> **Action item**
Would you retype each of the records exactly as shown?

> **Data for review**

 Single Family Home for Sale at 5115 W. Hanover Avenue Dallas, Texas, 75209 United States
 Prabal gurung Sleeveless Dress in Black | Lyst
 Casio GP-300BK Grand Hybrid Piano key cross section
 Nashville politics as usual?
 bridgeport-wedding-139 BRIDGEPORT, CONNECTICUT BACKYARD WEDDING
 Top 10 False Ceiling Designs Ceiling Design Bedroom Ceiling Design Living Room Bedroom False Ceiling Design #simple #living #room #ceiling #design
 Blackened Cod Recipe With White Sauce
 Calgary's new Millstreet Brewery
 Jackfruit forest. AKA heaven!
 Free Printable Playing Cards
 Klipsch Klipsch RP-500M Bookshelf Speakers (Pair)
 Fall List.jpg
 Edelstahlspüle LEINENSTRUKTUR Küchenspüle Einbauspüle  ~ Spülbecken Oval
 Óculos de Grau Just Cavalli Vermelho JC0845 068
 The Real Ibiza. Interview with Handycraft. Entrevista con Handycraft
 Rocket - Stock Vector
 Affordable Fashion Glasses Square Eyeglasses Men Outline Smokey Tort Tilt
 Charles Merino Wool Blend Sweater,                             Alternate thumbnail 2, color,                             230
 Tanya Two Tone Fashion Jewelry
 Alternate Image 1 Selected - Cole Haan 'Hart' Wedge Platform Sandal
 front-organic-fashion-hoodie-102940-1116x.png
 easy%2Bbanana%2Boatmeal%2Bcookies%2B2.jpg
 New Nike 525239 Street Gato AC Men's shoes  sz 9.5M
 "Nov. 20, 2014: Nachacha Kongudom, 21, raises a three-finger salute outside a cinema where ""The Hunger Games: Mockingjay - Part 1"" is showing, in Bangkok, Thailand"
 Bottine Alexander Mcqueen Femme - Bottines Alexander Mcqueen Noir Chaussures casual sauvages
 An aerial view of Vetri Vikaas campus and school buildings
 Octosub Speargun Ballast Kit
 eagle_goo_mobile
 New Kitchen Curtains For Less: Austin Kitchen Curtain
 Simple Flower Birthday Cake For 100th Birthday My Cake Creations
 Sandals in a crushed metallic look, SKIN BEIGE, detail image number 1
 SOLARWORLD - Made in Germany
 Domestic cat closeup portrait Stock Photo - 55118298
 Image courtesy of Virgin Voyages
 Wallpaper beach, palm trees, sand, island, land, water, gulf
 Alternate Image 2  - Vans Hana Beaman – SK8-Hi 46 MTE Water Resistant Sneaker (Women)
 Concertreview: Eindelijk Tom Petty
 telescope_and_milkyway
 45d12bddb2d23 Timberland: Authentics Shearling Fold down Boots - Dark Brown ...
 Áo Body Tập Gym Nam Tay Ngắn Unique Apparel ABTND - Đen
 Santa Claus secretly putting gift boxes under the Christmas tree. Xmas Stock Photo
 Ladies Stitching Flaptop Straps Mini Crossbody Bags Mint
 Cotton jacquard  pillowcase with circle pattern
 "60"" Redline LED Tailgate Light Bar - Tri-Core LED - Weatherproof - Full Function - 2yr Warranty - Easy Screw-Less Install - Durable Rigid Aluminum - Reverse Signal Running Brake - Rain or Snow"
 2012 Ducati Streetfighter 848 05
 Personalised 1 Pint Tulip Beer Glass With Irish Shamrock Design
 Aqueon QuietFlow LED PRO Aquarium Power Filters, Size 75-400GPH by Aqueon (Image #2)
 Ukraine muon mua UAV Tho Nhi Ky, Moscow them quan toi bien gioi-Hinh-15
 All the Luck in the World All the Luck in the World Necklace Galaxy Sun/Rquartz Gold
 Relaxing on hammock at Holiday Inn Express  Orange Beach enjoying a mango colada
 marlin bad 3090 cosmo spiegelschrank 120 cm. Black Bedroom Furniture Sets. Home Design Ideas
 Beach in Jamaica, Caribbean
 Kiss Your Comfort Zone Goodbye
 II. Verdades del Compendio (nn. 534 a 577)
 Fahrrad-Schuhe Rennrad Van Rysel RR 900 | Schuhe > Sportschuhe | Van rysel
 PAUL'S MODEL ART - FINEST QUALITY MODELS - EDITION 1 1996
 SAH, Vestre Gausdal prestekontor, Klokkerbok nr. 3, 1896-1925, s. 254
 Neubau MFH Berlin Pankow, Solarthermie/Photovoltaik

> **Answer box**
 Single Family Home for Sale at 5115 W. Hanover Avenue Dallas, Texas, 75209 United States
 Prabal gurung Sleeveless Dress in Black | Lyst
 Casio GP-300BK Grand Hybrid Piano key cross section
 Nashville politics as usual?
 bridgeport-wedding-139 BRIDGEPORT, CONNECTICUT BACKYARD WEDDING
 Top 10 False Ceiling Designs Ceiling Design Bedroom Ceiling Design Living Room Bedroom False Ceiling Design #simple #living #room #ceiling #design
 Blackened Cod Recipe With White Sauce
 Calgary's new Millstreet Brewery
 Jackfruit forest. AKA heaven!
 Free Printable Playing Cards
 Klipsch Klipsch RP-500M Bookshelf Speakers (Pair)
 Fall List.jpg
 Edelstahlspüle LEINENSTRUKTUR Küchenspüle Einbauspüle  ~ Spülbecken Oval
 Óculos de Grau Just Cavalli Vermelho JC0845 068
 The Real Ibiza. Interview with Handycraft. Entrevista con Handycraft
 Rocket - Stock Vector
 Affordable Fashion Glasses Square Eyeglasses Men Outline Smokey Tort Tilt
 Charles Merino Wool Blend Sweater,                             Alternate thumbnail 2, color,                             230
 Tanya Two Tone Fashion Jewelry
 Alternate Image 1 Selected - Cole Haan 'Hart' Wedge Platform Sandal
 front-organic-fashion-hoodie-102940-1116x.png
 easy%2Bbanana%2Boatmeal%2Bcookies%2B2.jpg
 New Nike 525239 Street Gato AC Men's shoes  sz 9.5M
 "Nov. 20, 2014: Nachacha Kongudom, 21, raises a three-finger salute outside a cinema where ""The Hunger Games: Mockingjay - Part 1"" is showing, in Bangkok, Thailand"
 Bottine Alexander Mcqueen Femme - Bottines Alexander Mcqueen Noir Chaussures casual sauvages
 An aerial view of Vetri Vikaas campus and school buildings
 Octosub Speargun Ballast Kit
 eagle_goo_mobile
 New Kitchen Curtains For Less: Austin Kitchen Curtain
 Simple Flower Birthday Cake For 100th Birthday My Cake Creations
 Sandals in a crushed metallic look, SKIN BEIGE, detail image number 1
 SOLARWORLD - Made in Germany
 Domestic cat closeup portrait Stock Photo - 55118298
 Image courtesy of Virgin Voyages
 Wallpaper beach, palm trees, sand, island, land, water, gulf
 Alternate Image 2  - Vans Hana Beaman – SK8-Hi 46 MTE Water Resistant Sneaker (Women)
 Concertreview: Eindelijk Tom Petty
 telescope_and_milkyway
 45d12bddb2d23 Timberland: Authentics Shearling Fold down Boots - Dark Brown ...
 Áo Body Tập Gym Nam Tay Ngắn Unique Apparel ABTND - Đen
 Santa Claus secretly putting gift boxes under the Christmas tree. Xmas Stock Photo
 Ladies Stitching Flaptop Straps Mini Crossbody Bags Mint
 Cotton jacquard  pillowcase with circle pattern
 "60"" Redline LED Tailgate Light Bar - Tri-Core LED - Weatherproof - Full Function - 2yr Warranty - Easy Screw-Less Install - Durable Rigid Aluminum - Reverse Signal Running Brake - Rain or Snow"
 2012 Ducati Streetfighter 848 05
 Personalised 1 Pint Tulip Beer Glass With Irish Shamrock Design
 Aqueon QuietFlow LED PRO Aquarium Power Filters, Size 75-400GPH by Aqueon (Image #2)
 Ukraine muon mua UAV Tho Nhi Ky, Moscow them quan toi bien gioi-Hinh-15
 All the Luck in the World All the Luck in the World Necklace Galaxy Sun/Rquartz Gold
 Relaxing on hammock at Holiday Inn Express  Orange Beach enjoying a mango colada
 marlin bad 3090 cosmo spiegelschrank 120 cm. Black Bedroom Furniture Sets. Home Design Ideas
 Beach in Jamaica, Caribbean
 Kiss Your Comfort Zone Goodbye
 II. Verdades del Compendio (nn. 534 a 577)
 Fahrrad-Schuhe Rennrad Van Rysel RR 900 | Schuhe > Sportschuhe | Van rysel
 PAUL'S MODEL ART - FINEST QUALITY MODELS - EDITION 1 1996
 SAH, Vestre Gausdal prestekontor, Klokkerbok nr. 3, 1896-1925, s. 254
 Neubau MFH Berlin Pankow, Solarthermie/Photovoltaik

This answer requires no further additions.